Assignment 4

Redesign of WalkScore

February 16, 2010

in Student Posts

Puneet & Danielle

Problem -> abstraction -> encoding -> implementation

Munzner describes the above process as ‘domain problem characterization, data/operation abstraction design, encoding/interaction technique design, algorithm design’

Deconstructing Walkscore
————————
Problem: Assess livability of a neighborhood by how far one has to walk for different services. The idea is that places you would usually walk to — parks, neighborhood grocery stores, restaurants and coffee shops — make up the social fabric of a neighborhood.

Abstraction: Livability is abstracted to availability of different services within walking distance.

Encoding: Map position to position, distance to color

Implementation: Show the results on a map.

Suggested improvement: Walkscore is a wonderful way to visualize and assess livability of a neighborhood. The improvements I can think of are: a heat map that creates a color gradient from green to red, where greener is closer and redder is farther from the origin. Ironically, Walkscore does implement a heat map, but only as a pre-created map for certain neighborhoods. As far as I can see, it does not have a facility for the users to create one for their own neighborhood.

An additional interface element to implement would be to weight the various walking destinations — for some, having a grocery store within walking distance may be more important, while for others, existence of neighborhood coffee shops or parks where neighbors gather may be more important. Being able to move sliders for various destination categories and watching the heat map change in real-time would be one one meaningful improvement that I can think of.

With this change, the user does not necessarily get a better or worse view of the information, but simply is presented with a different interpretation. If someone were looking to explore a particular area, the original encodings would be ideal to use. However, if someone was looking to make a decision about a location based on factors important to them, the heat map would provide a very straightforward basis for such a decision.

Puneet & Danielle

Deconstructing Multivariate Volumetric Vis
——————————————
Problem: Display the relationship between two different sets of multi-variate data in a single view.
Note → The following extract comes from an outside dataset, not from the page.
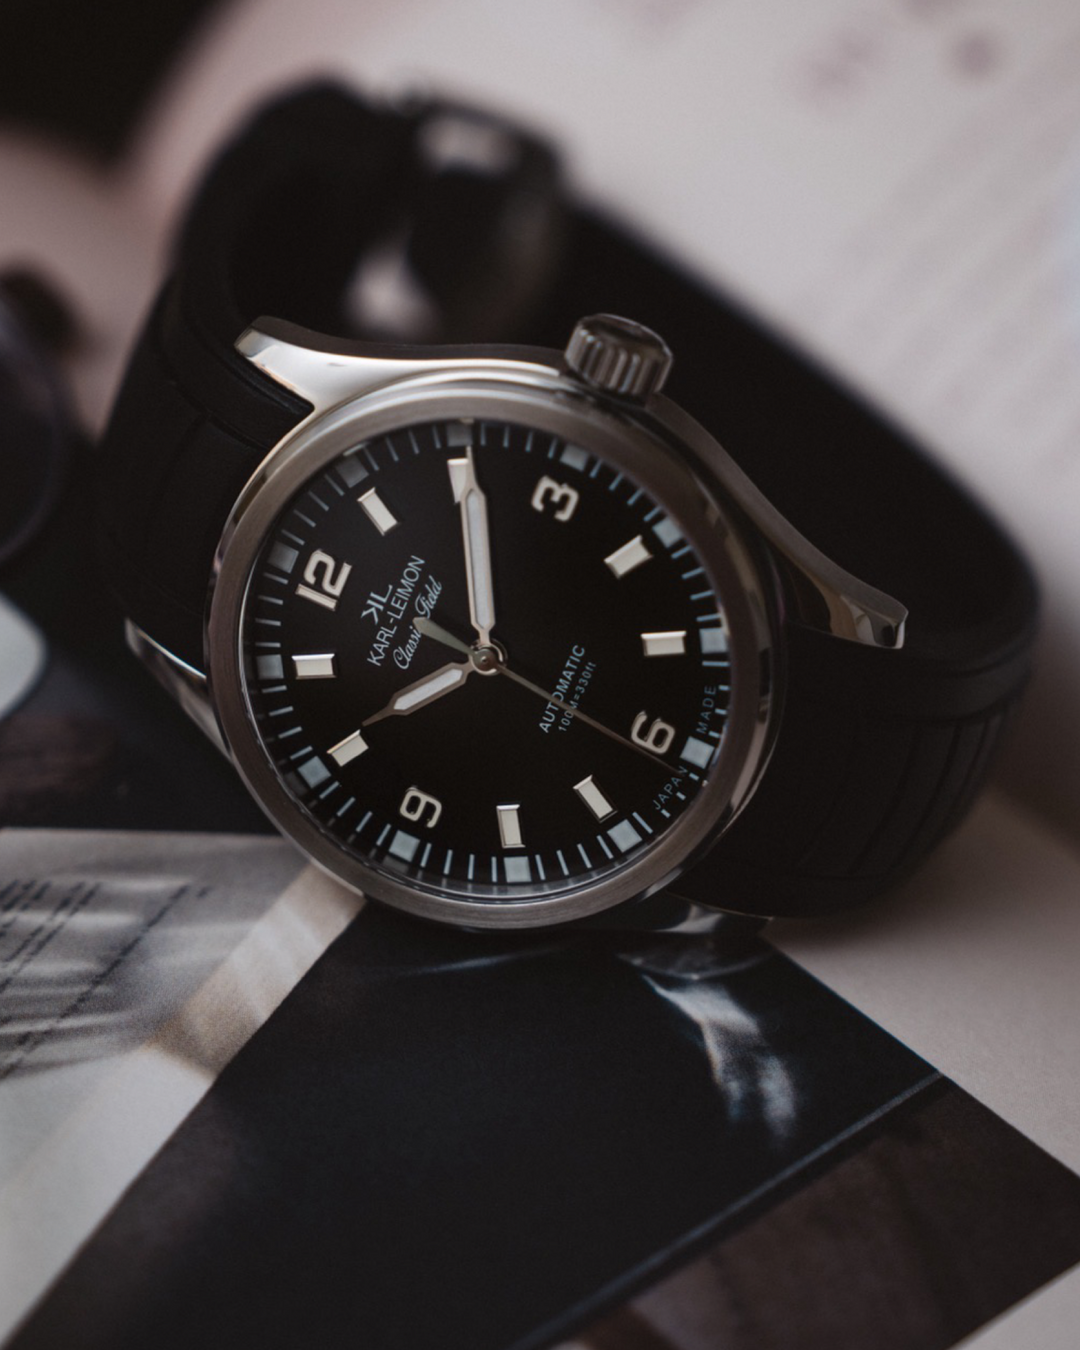 Applied Indices Black - KARL-LEIMON Watches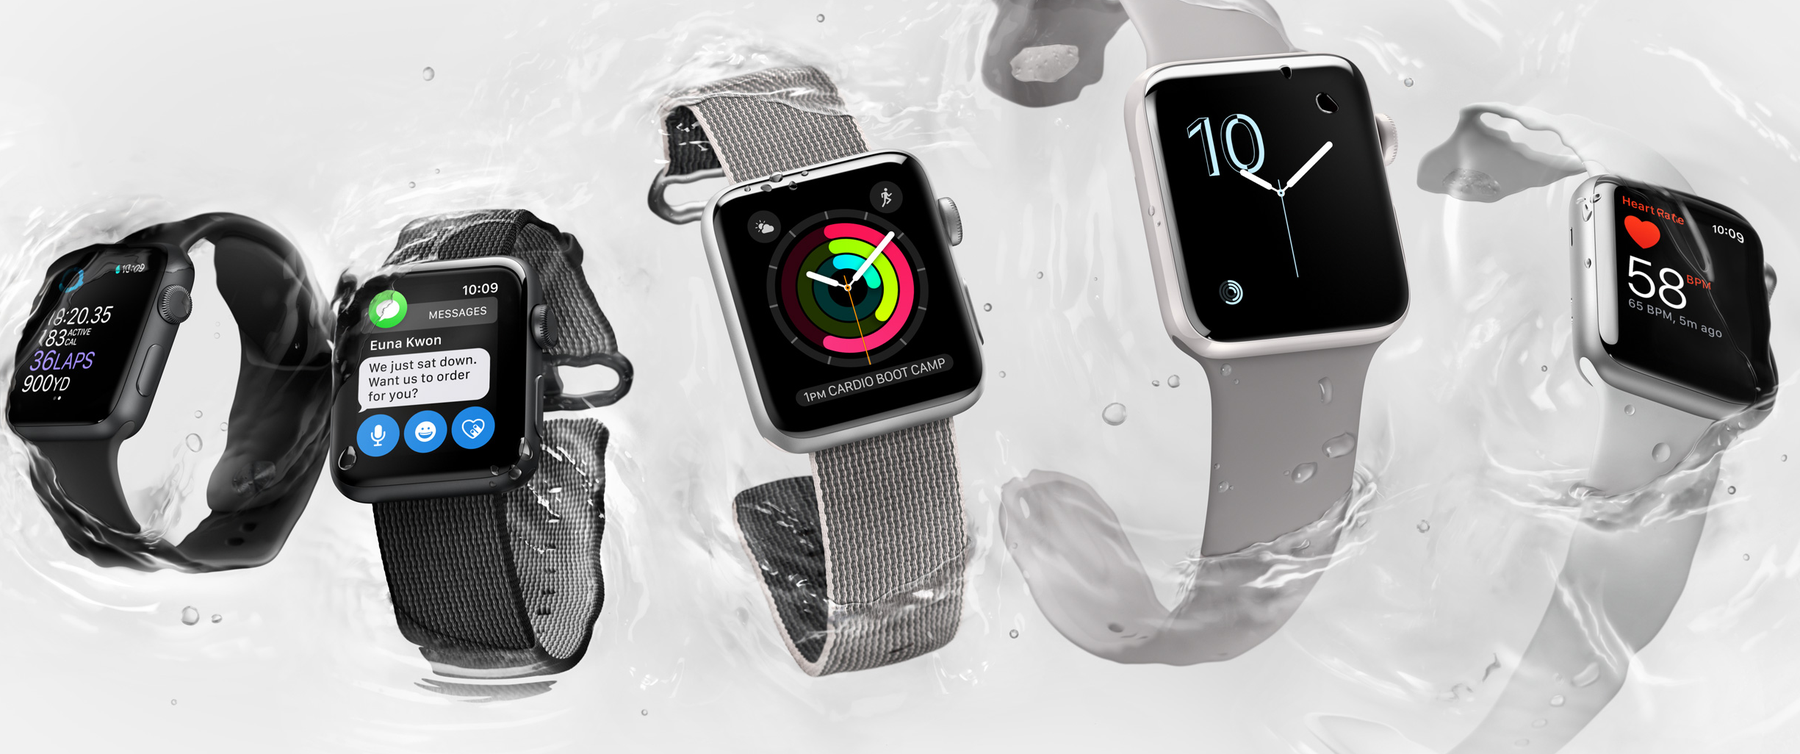 Die Apple Watch Series 2 ist wie die neuen iPhones wasserdicht und hat nun ein eingebautes GPS.

Abstraction: The relationship between the two data sets is abstracted into a function of the predefined logical operators over the data set. The likely reasoning for this choice is to simplify the expression of the relationship of the data across a large number of variables. The exact values of the data are presented over a relative scale with respect to one another, again most likely in order to simplify visual representation. These abstractions are very logical decisions as far as simplifying the display and interpretation of a complicated body of data given that the purpose of this tool is more to demonstrate that such data can be shown, not necessarily in the most detail-oriented manner possible.

Encoding: The value of the variables is mapped to color. This is a fairly logical choice assuming an appropriate mapping of value to color. Additionally, the relationships of the variables between the data sets as expressed by the logical function are mapped to position. This decision appears to be motivated by the spatial nature logical expressions used to compare the data sets, implying a spatial relationship between data encoded in a spatial mapping.

Implementation: Generate a visual volume created by the above encodings in a digital format.

Suggested improvement:

While the visualizations generated by this system result in very aesthetically pleasing images, the outputs in their current state mean nothing. The encodings themselves have been abstracted to solely a relational level, but the nature of this relationship is left completely unspecified. One possible improvement for the representation is to map the values over an absolute and explicit color scale, with distinct visual intervals such that different data intervals are perceptually distinct from one another.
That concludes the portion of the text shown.